Hi,
I used the following code to get biomart gene annotation for my mouse genes:
annot = sc.queries.biomart_annotations(
“mmusculus”,
[“ensembl_gene_id”, “entrez_gene_id”,“start_position”, “end_position”, “chromosome_name”],
).set_index(“ensembl_gene_id”)
annot
but got error:
KeyError Traceback (most recent call last)
File ~/ENTER/lib/python3.9/site-packages/pybiomart/dataset.py:243, in Dataset.query(self, attributes, filters, only_unique, use_attr_names)
242 try:
→ 243 attr = self.attributes[name]
244 self._add_attr_node(dataset, attr)
KeyError: ‘entrez_gene_id’
During handling of the above exception, another exception occurred:
BiomartException Traceback (most recent call last)
Input In [62], in <cell line: 1>()
----> 1 annot = sc.queries.biomart_annotations(
2 “mmusculus”,
3 [“ensembl_gene_id”, “entrez_gene_id”,“start_position”, “end_position”, “chromosome_name”],
4 ).set_index(“ensembl_gene_id”)
5 annot
File ~/ENTER/lib/python3.9/site-packages/scanpy/queries/_queries.py:108, in biomart_annotations(org, attrs, host, use_cache)
74 @_doc_params(doc_org=_doc_org, doc_host=_doc_host, doc_use_cache=_doc_use_cache)
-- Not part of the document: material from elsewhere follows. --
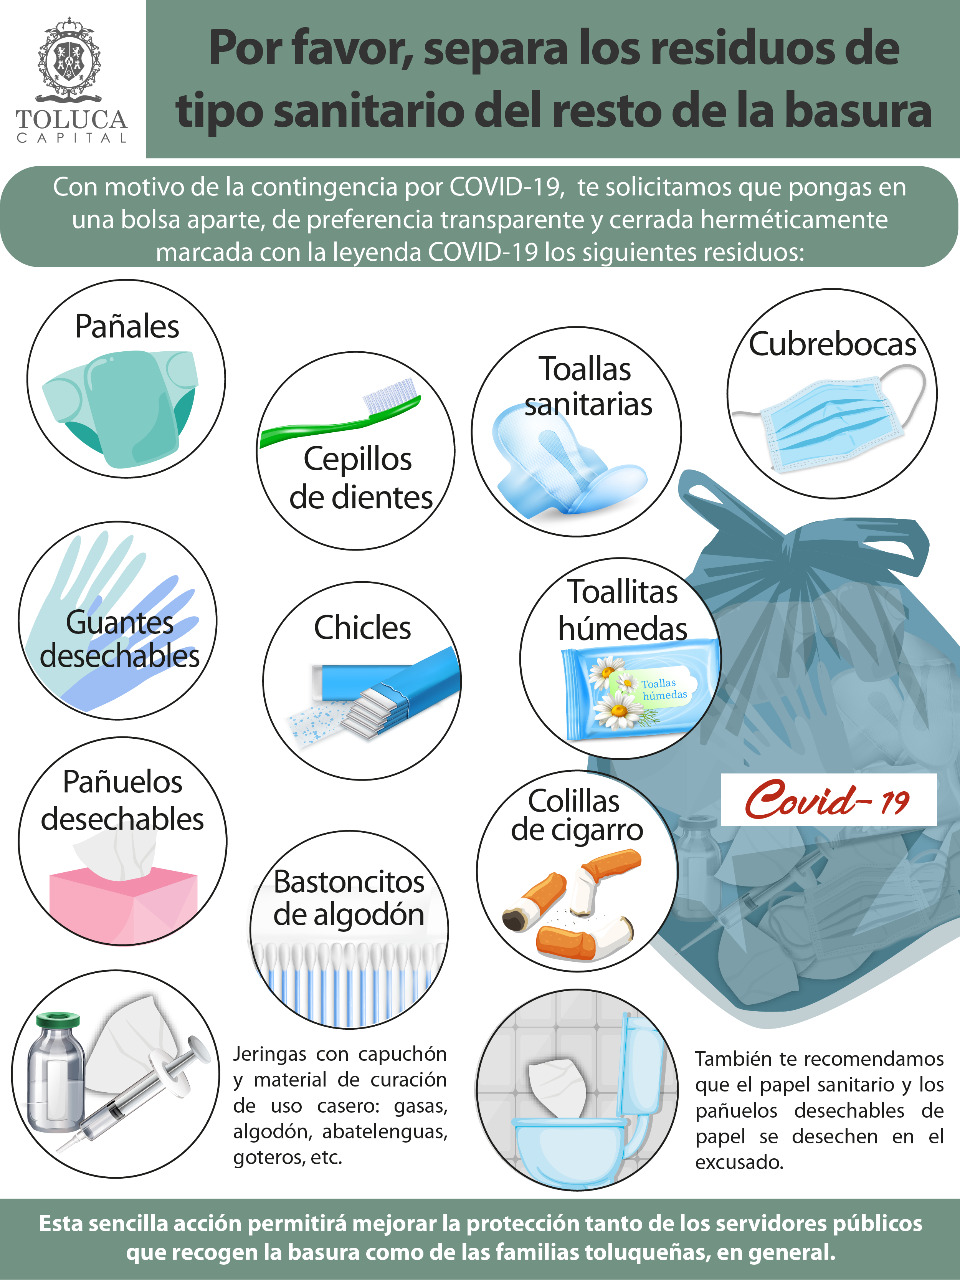 Tus residuos podrían esparcir el COVID-19. ¿Cómo evitarlo?
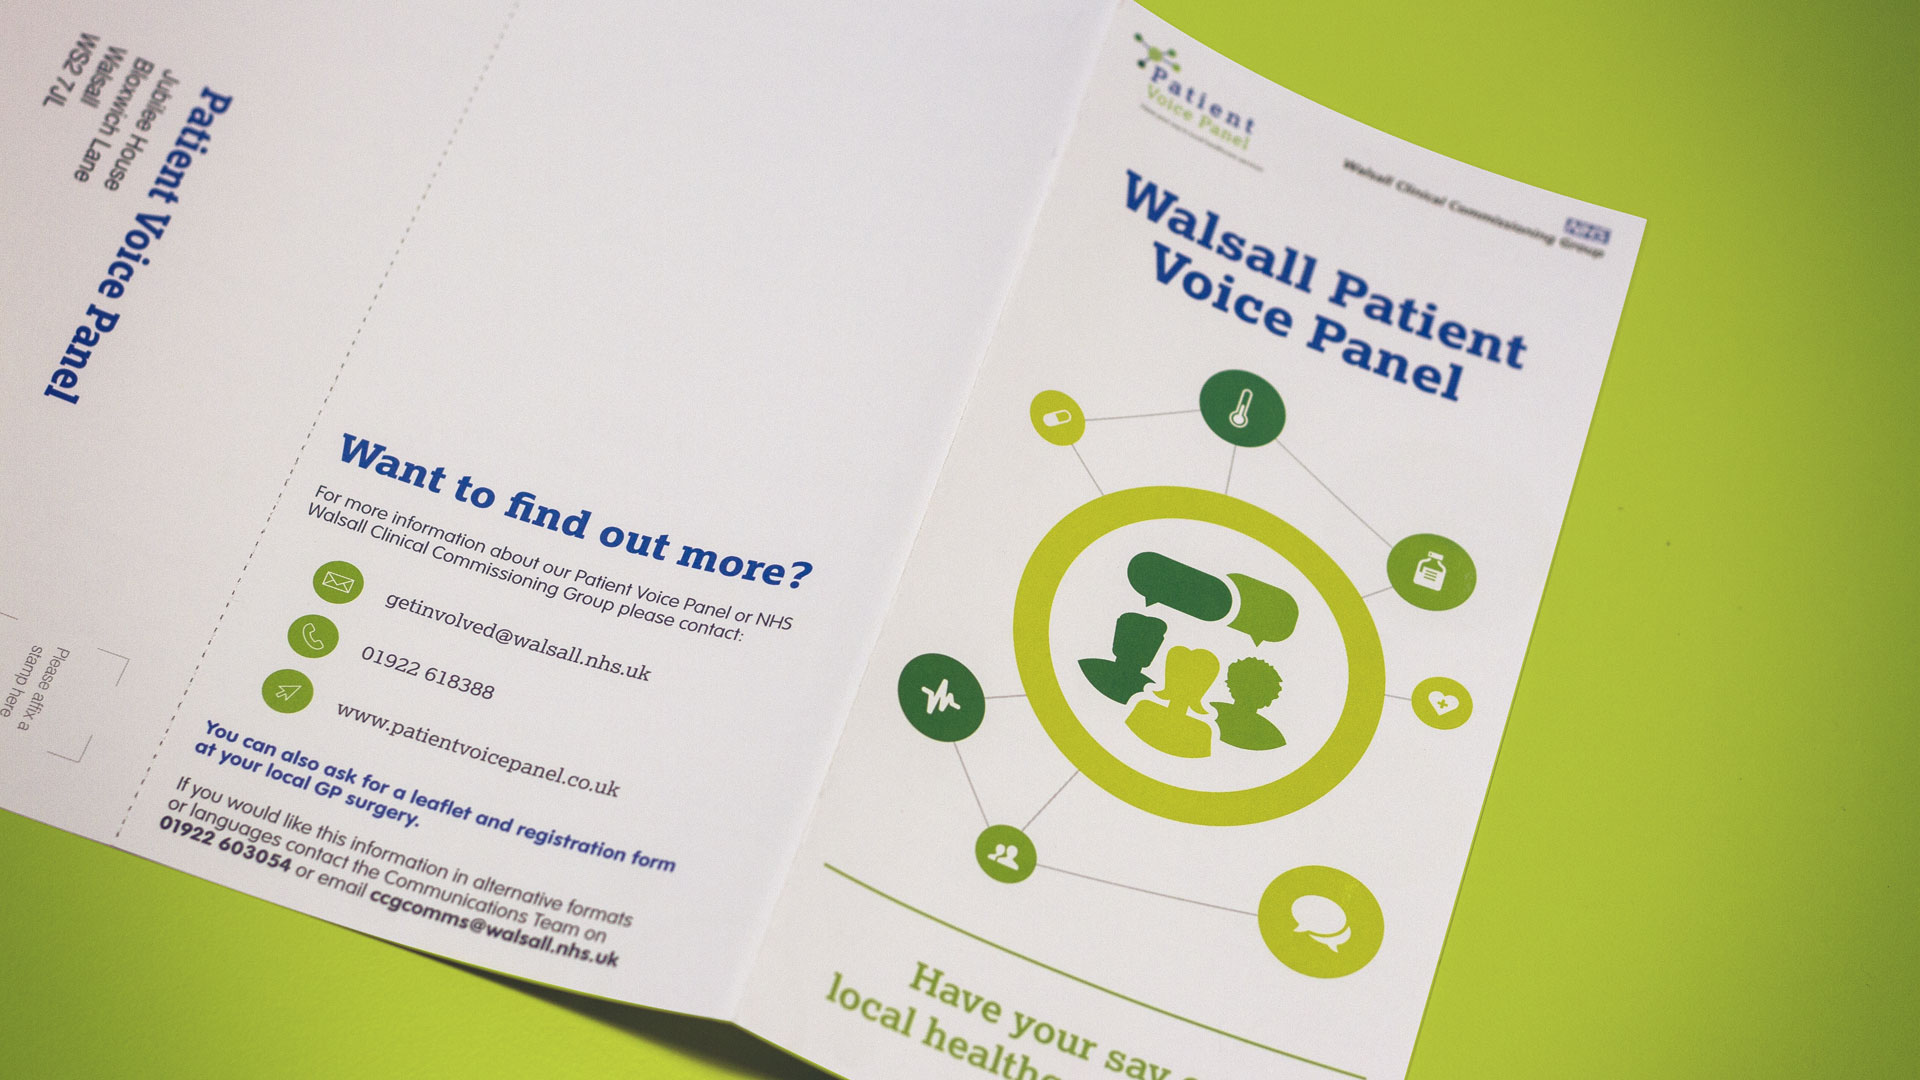 Patient Voice Panel Leaflet

75 def biomart_annotations(
76 org: str,
(…)
80 use_cache: bool = False,
81 ) → pd.DataFrame:
82 “”"
83 Retrieve gene annotations from ensembl biomart.
84
(…)
106 >>> adata.var[annot.columns] = annot
107 “”"
→ 108 return simple_query(org=org, attrs=attrs, host=host, use_cache=use_cache)
File ~/ENTER/lib/python3.9/site-packages/scanpy/queries/_queries.py:70, in simple_query(org, attrs, filters, host, use_cache)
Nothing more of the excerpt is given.